- WHAT IS NEEDED -
Your copy of the listing should match it exactly, only without pictures.

[[ GIVEN DATA open ]]

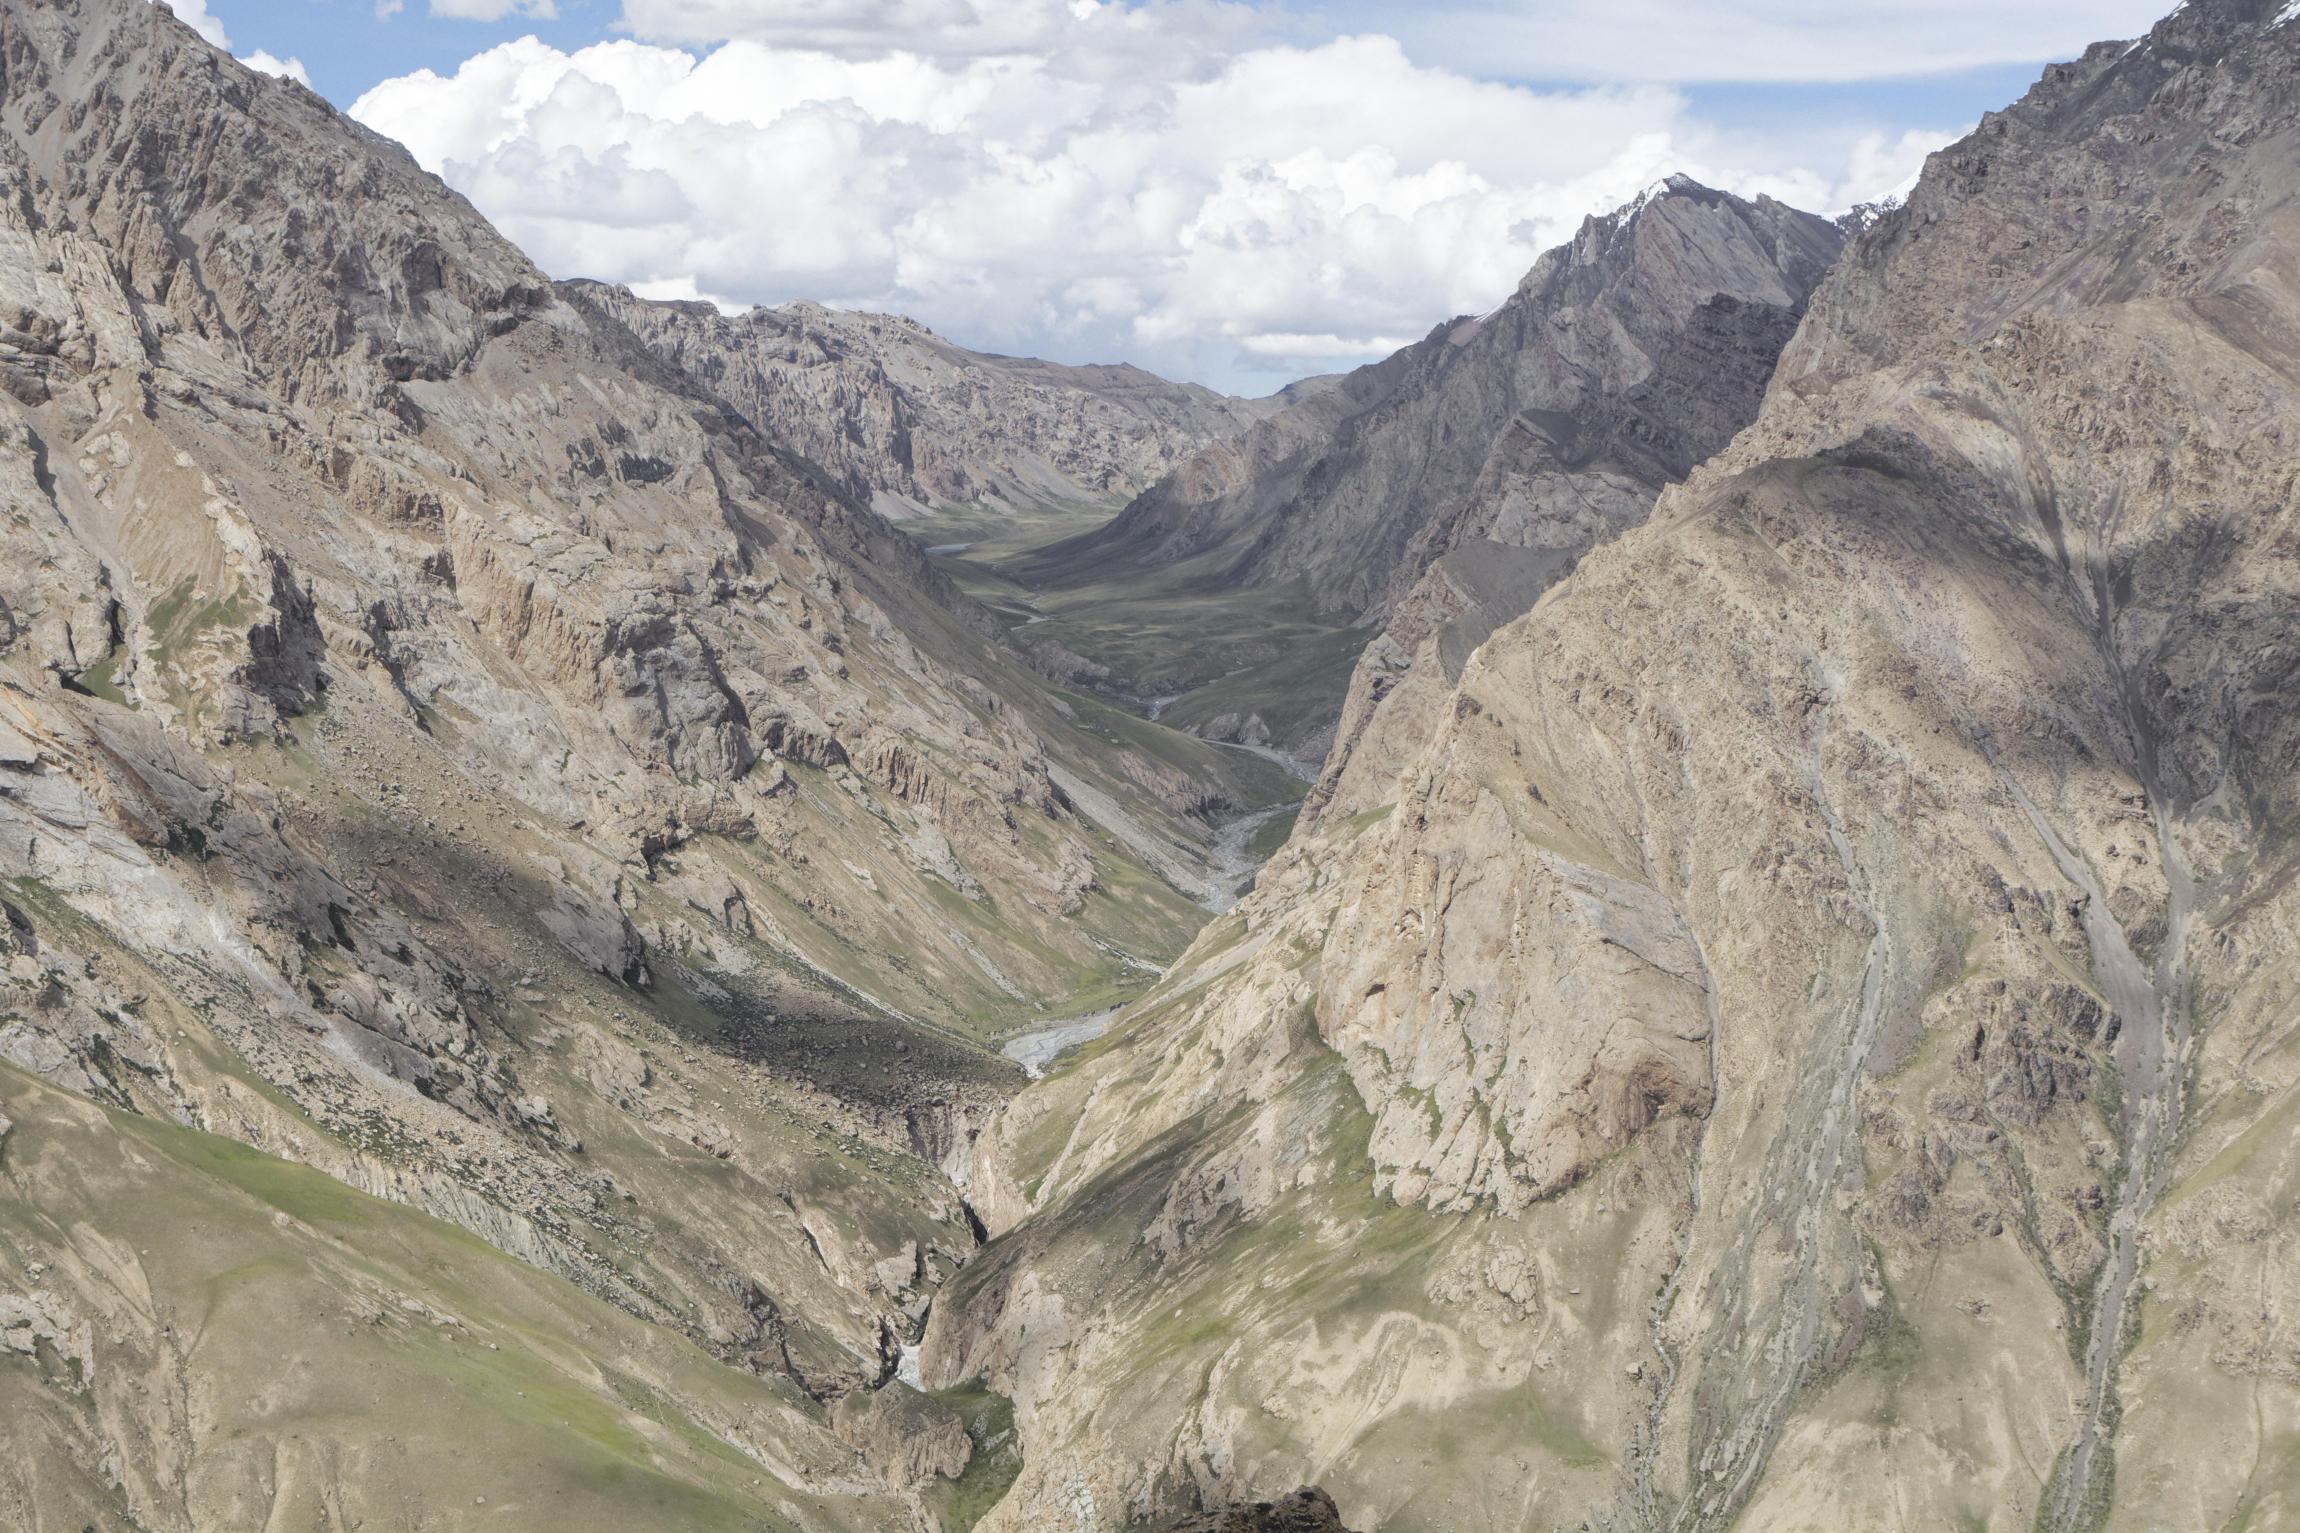 Montagnes vallée de Kaindy Kirghizstan
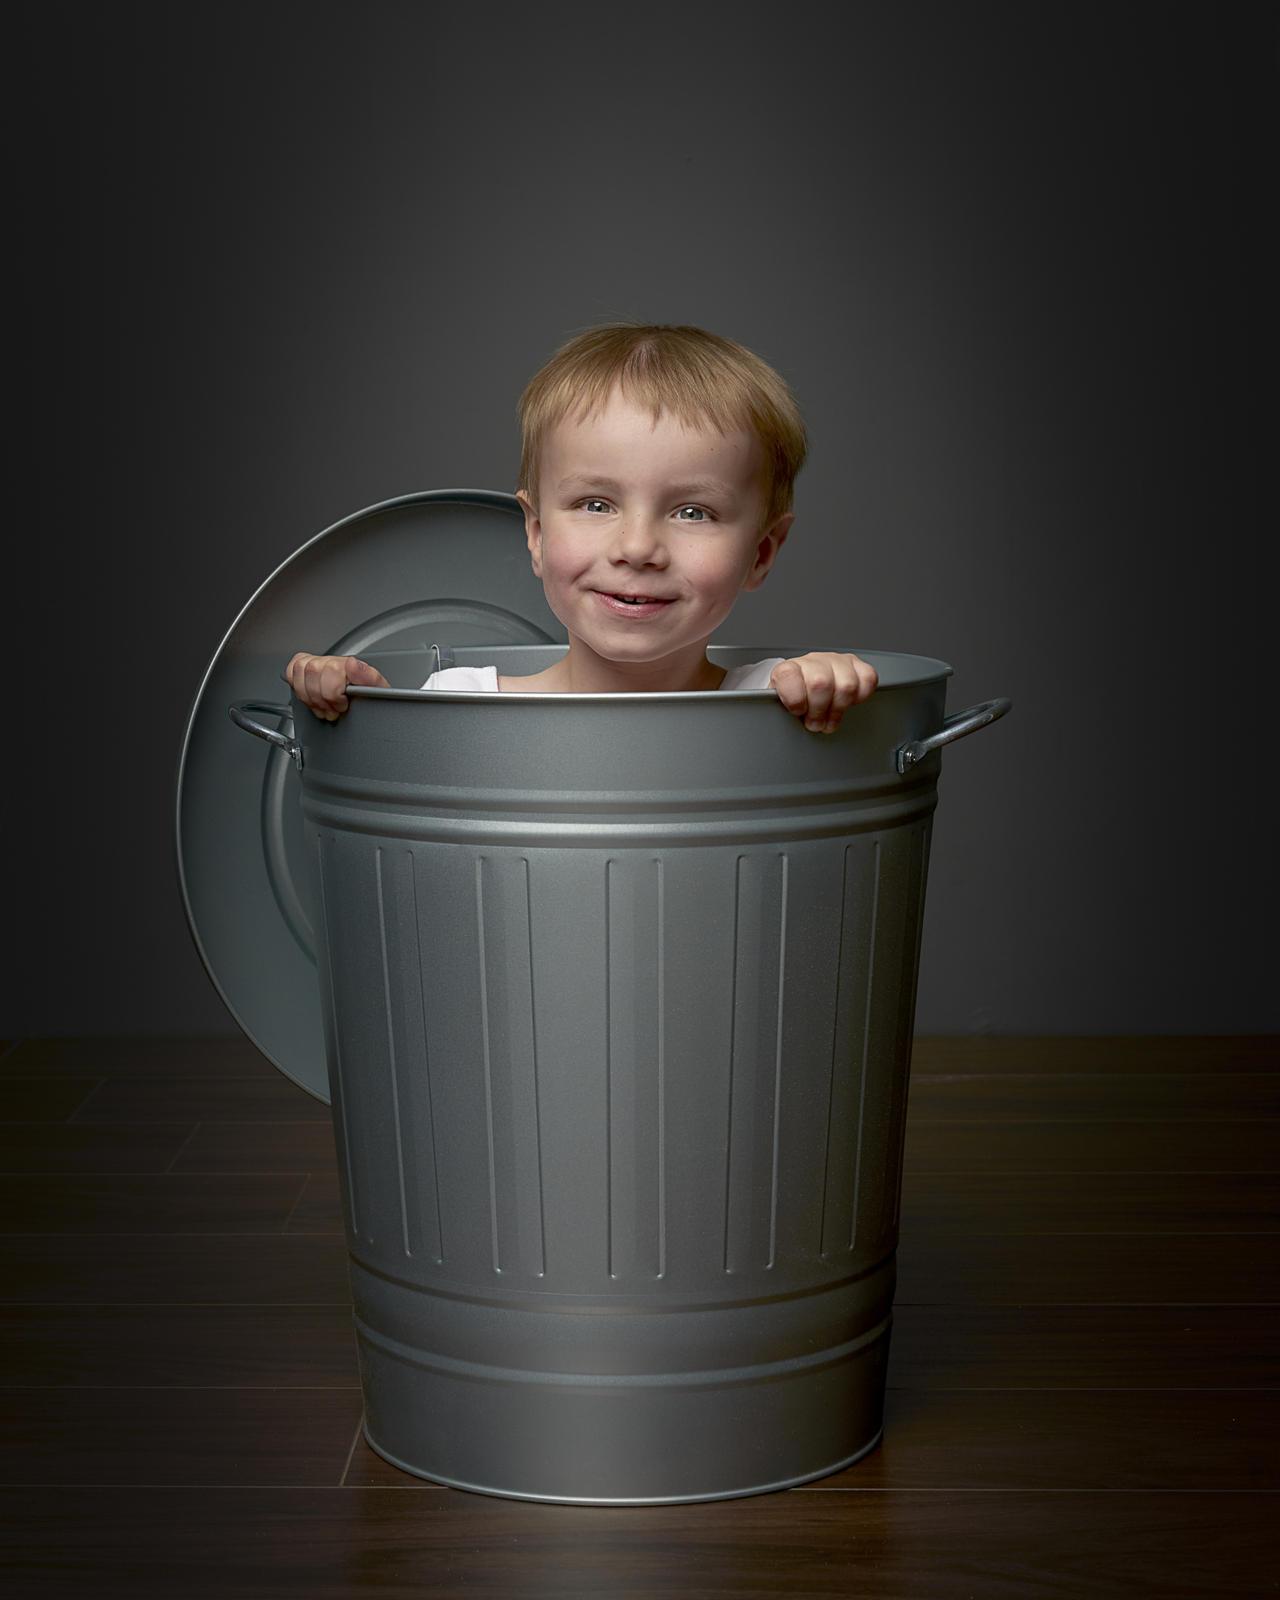 Foto van een gezicht van een jongetje dat uit een blikken ton steekt
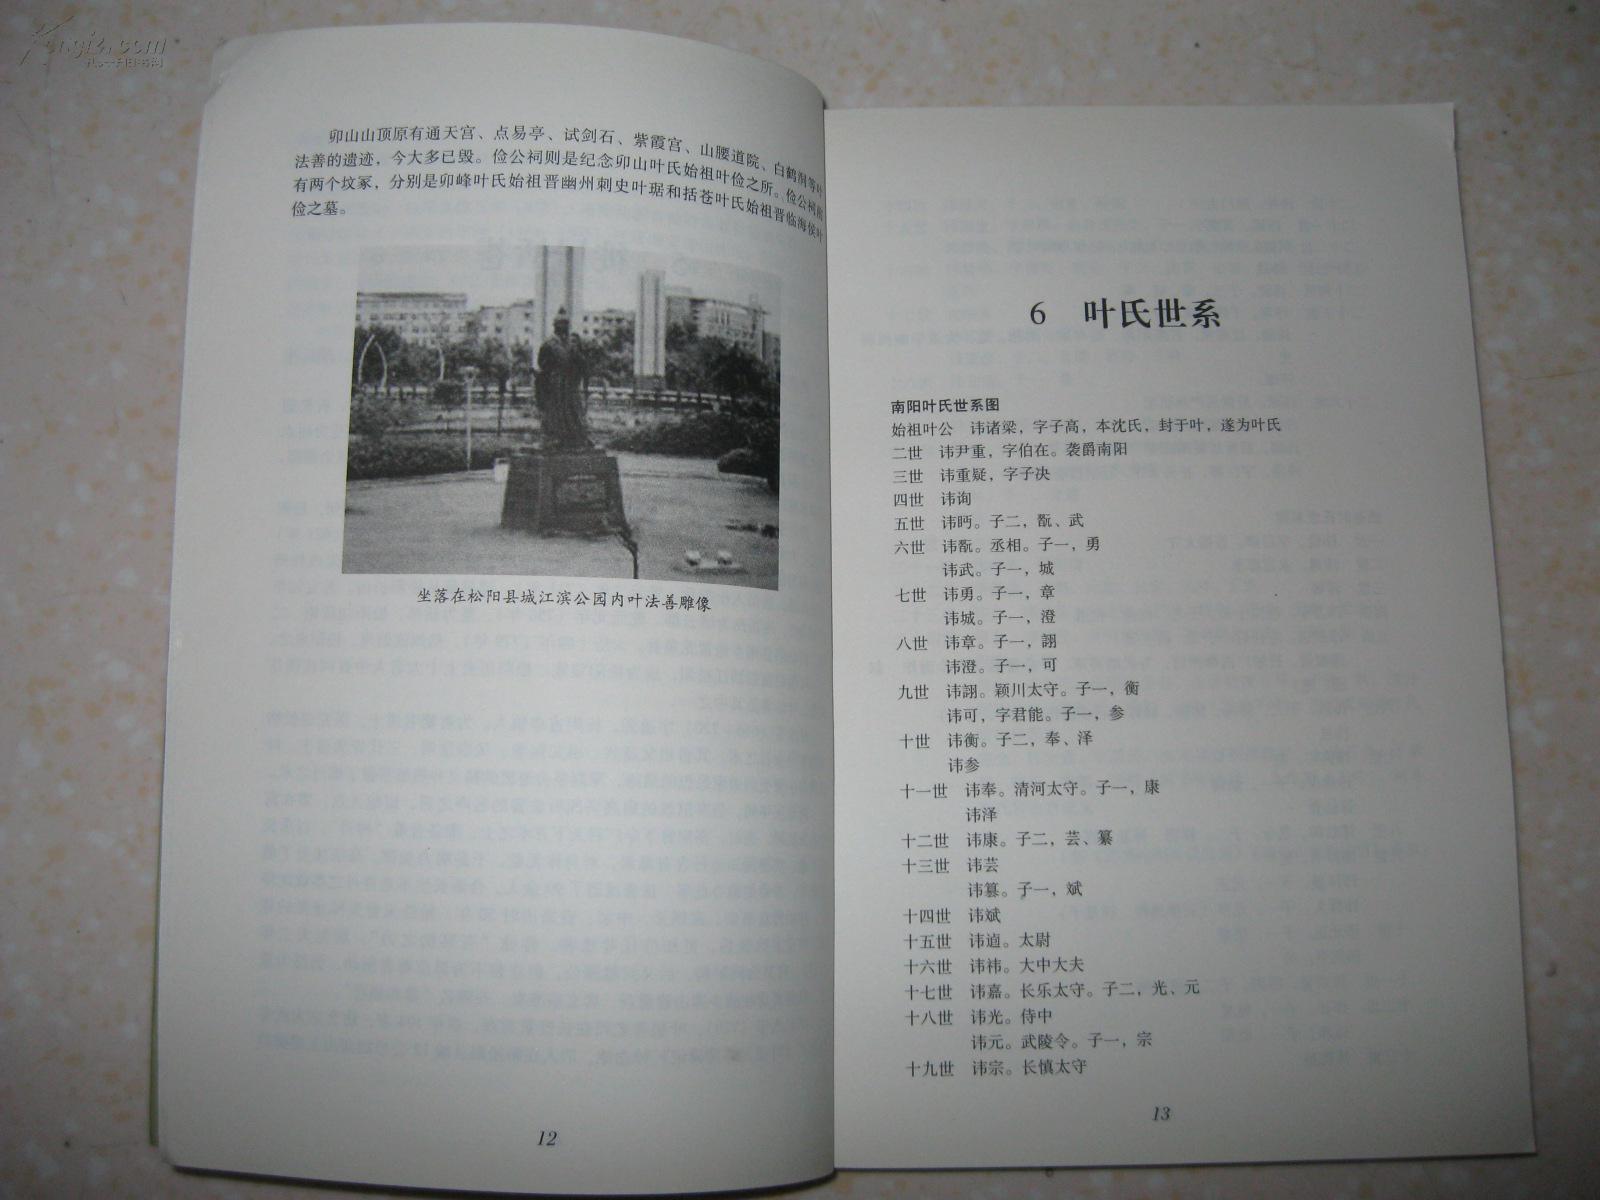 【图】慈东叶氏源流(叶氏族谱图片

[[ GIVEN DATA closed ]]

- SOLUTION FOR THIS TASK -
 Montagnes vallée de Kaindy Kirghizstan
 Foto van een gezicht van een jongetje dat uit een blikken ton steekt
 【图】慈东叶氏源流(叶氏族谱图片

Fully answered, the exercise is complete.